### ASSIGNMENT
Retyped exactly and without pictures, the lines from the one with "Notification sur les" through the end of the listing must form the entire answer.

### AVAILABLE DATA
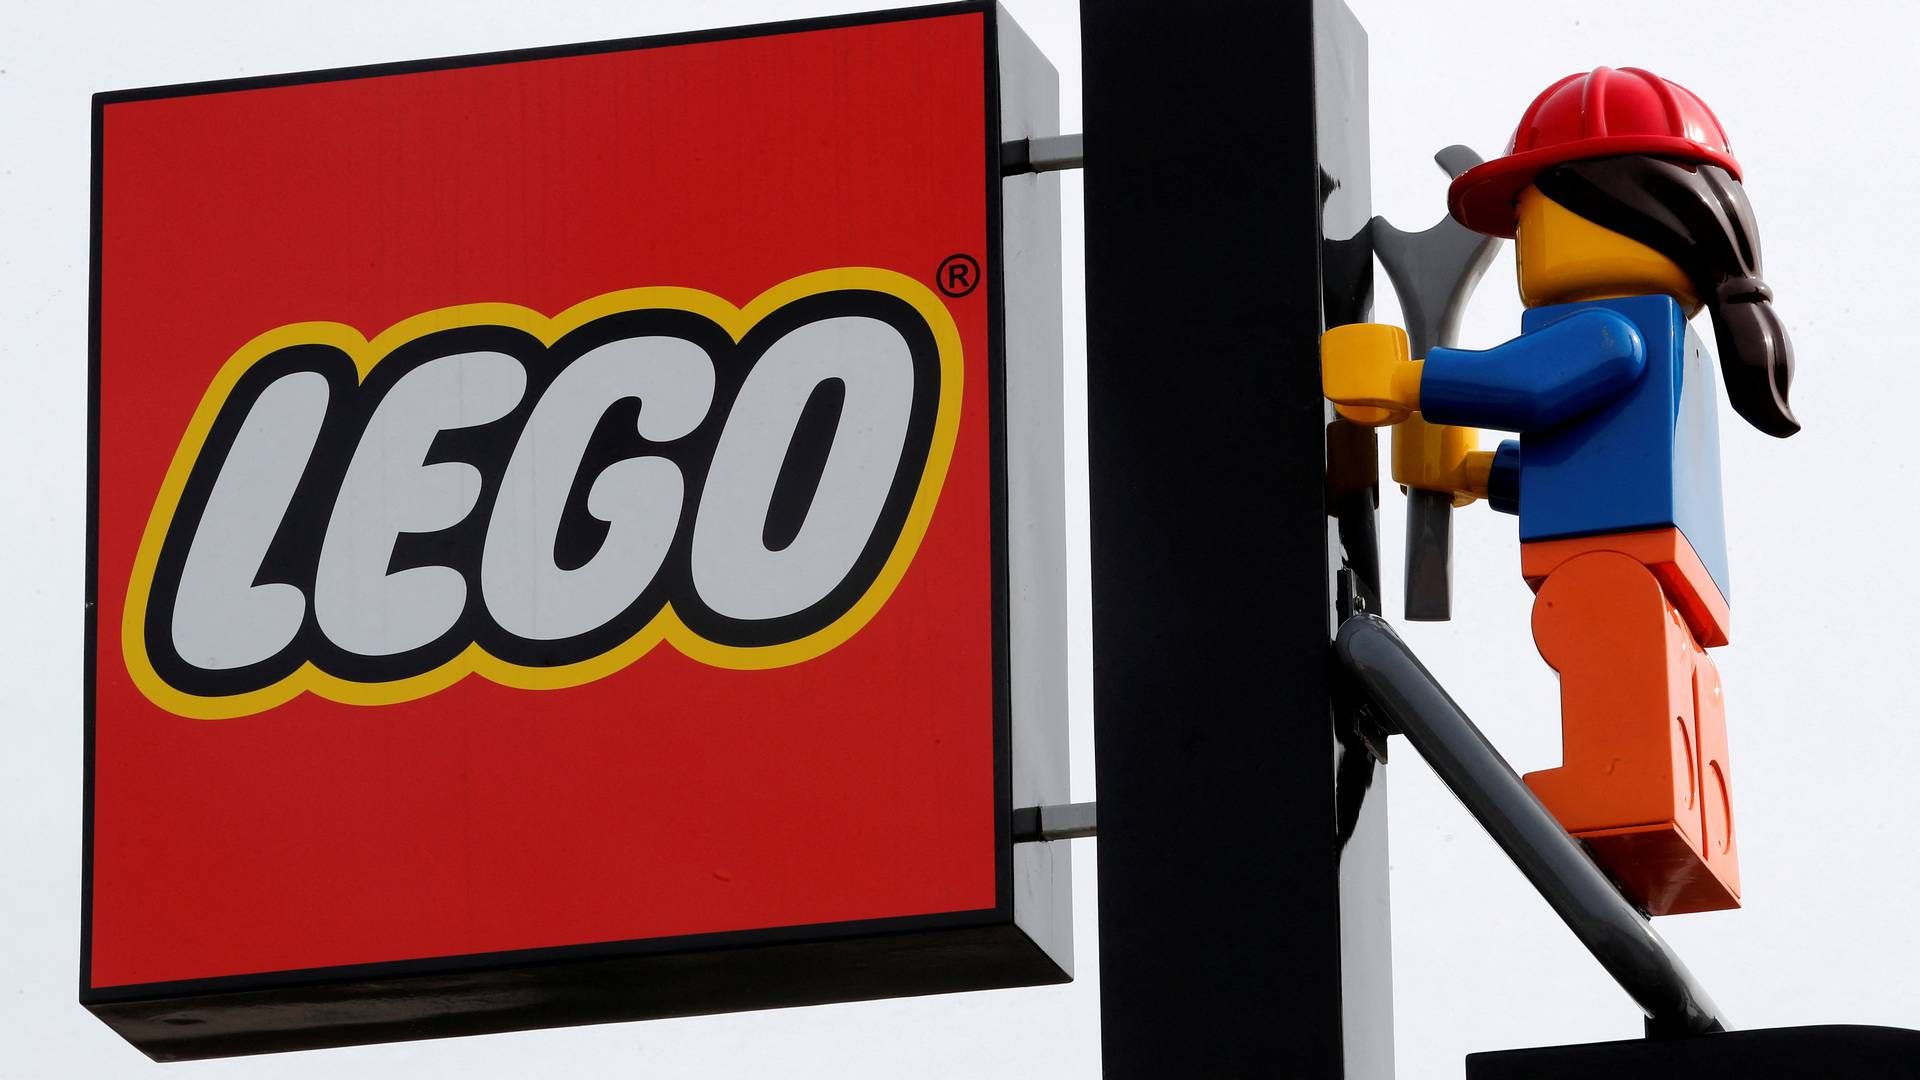 Lego, Novo Nordisk og Mærsk indtager første-, anden- og tredjepladsen i Berlingskes imagemåling - på linje med sidste år.
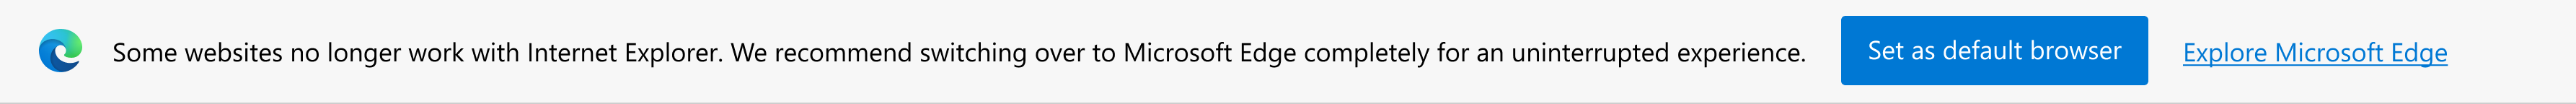 Notification sur les sites modernes et invite à définir Microsoft Edge comme navigateur par défaut ou à explorer Microsoft Edge
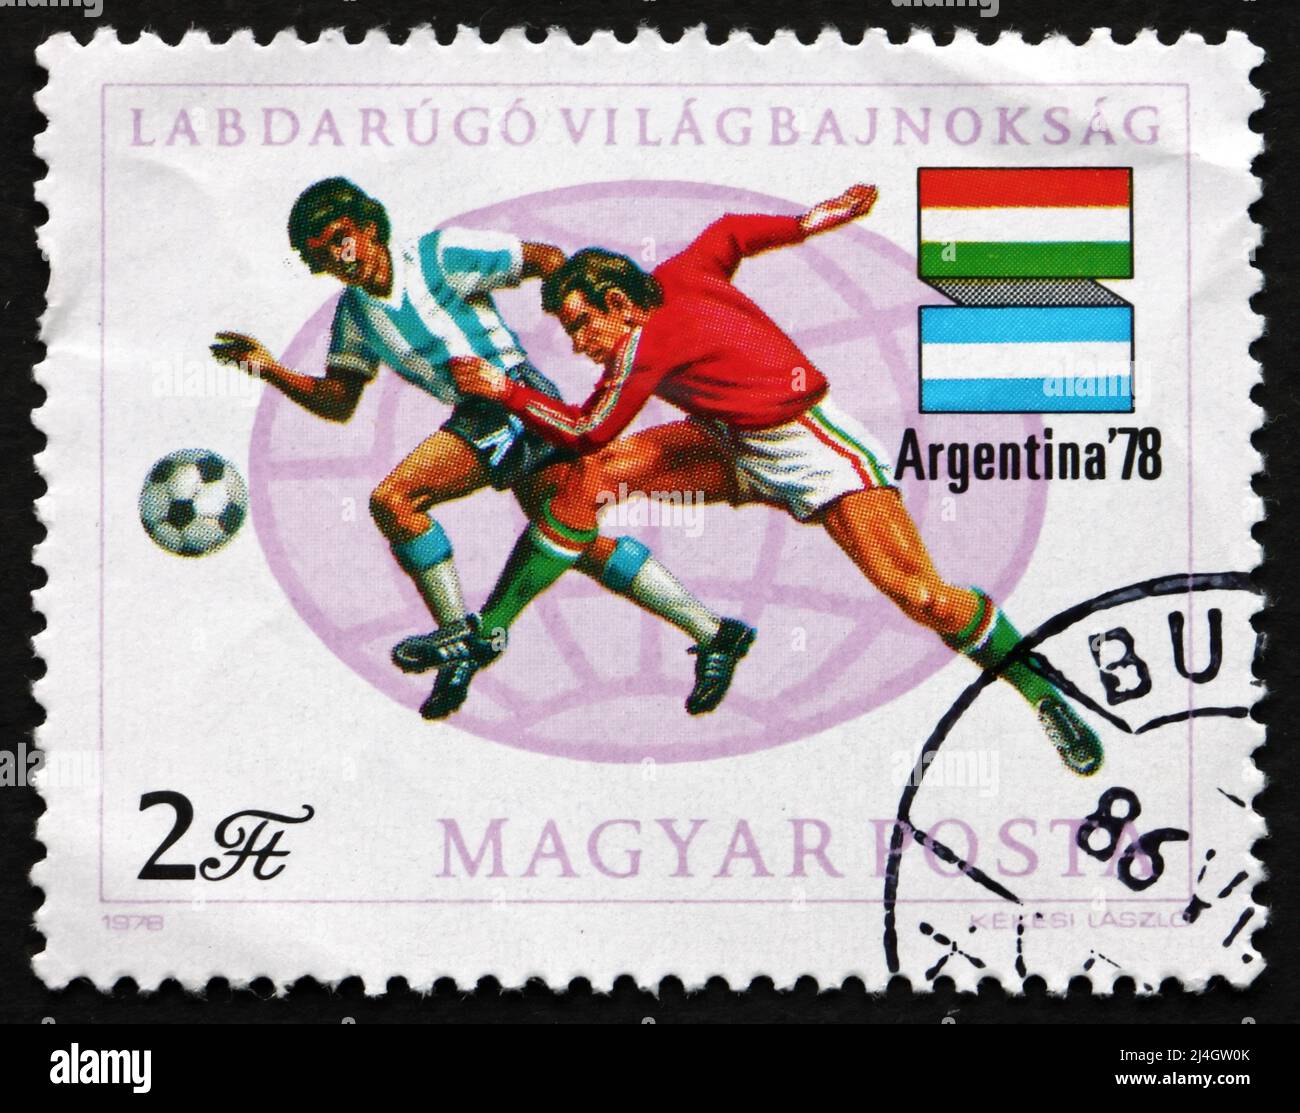 UNGHERIA - CIRCA 1978: Un timbro stampato in Ungheria mostra giocatori di calcio, bandiere di Argentina e Ungheria, Argentina 78, Coppa del mondo di calcio campione 11th Foto Stock
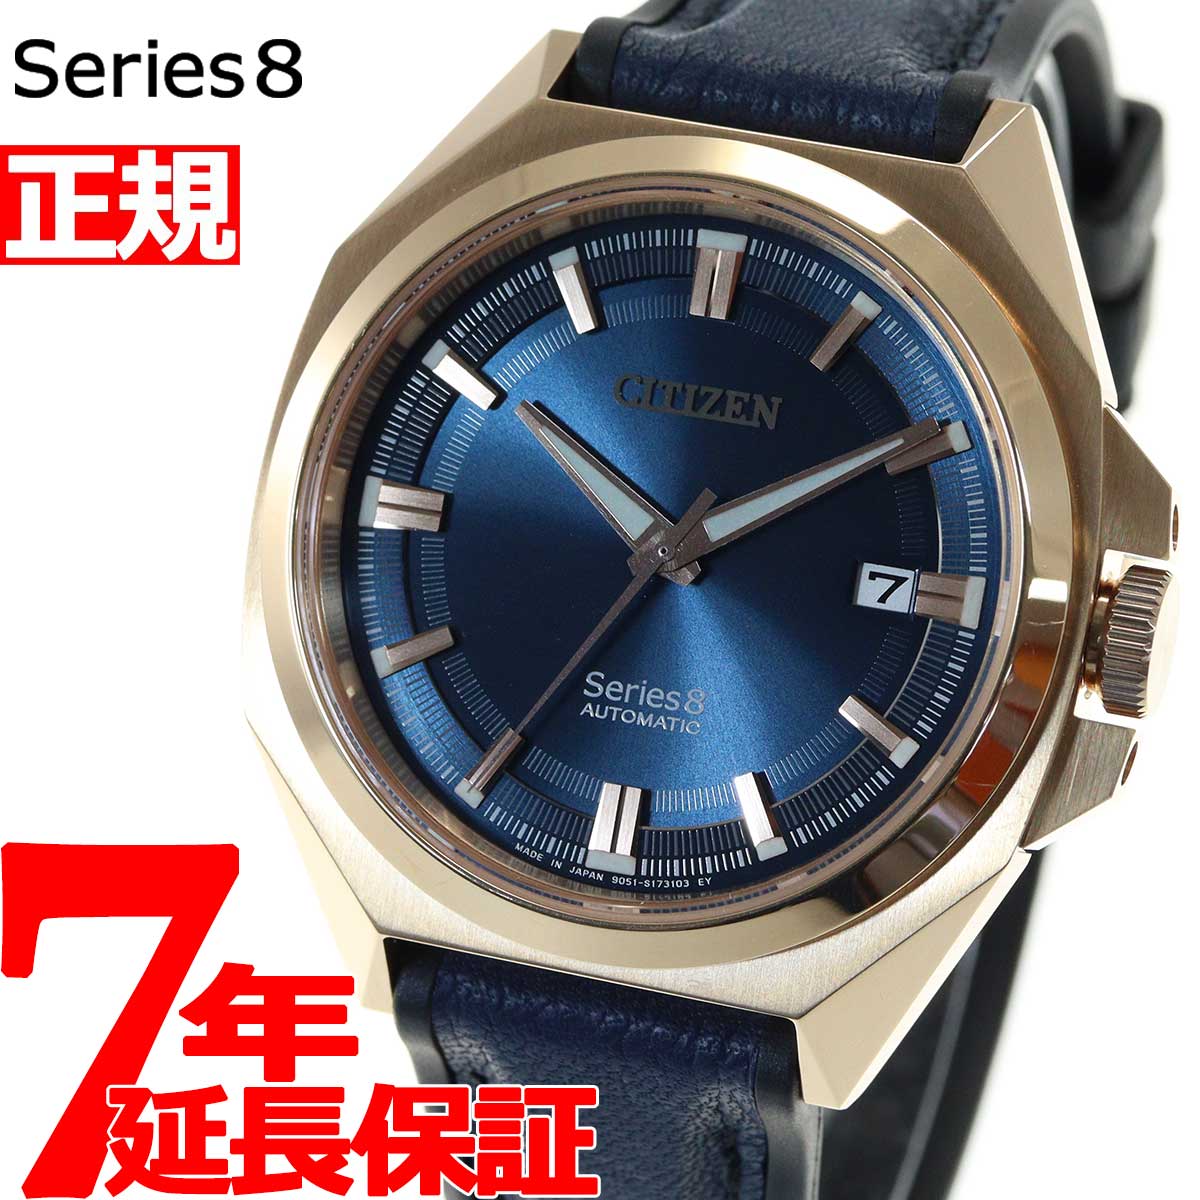 シチズン シリーズ 8 831 メカニカル 腕時計 メンズ 耐磁2種 日本製

### RESULT
 Notification sur les sites modernes et invite à définir Microsoft Edge comme navigateur par défaut ou à explorer Microsoft Edge
 UNGHERIA - CIRCA 1978: Un timbro stampato in Ungheria mostra giocatori di calcio, bandiere di Argentina e Ungheria, Argentina 78, Coppa del mondo di calcio campione 11th Foto Stock
 シチズン シリーズ 8 831 メカニカル 腕時計 メンズ 耐磁2種 日本製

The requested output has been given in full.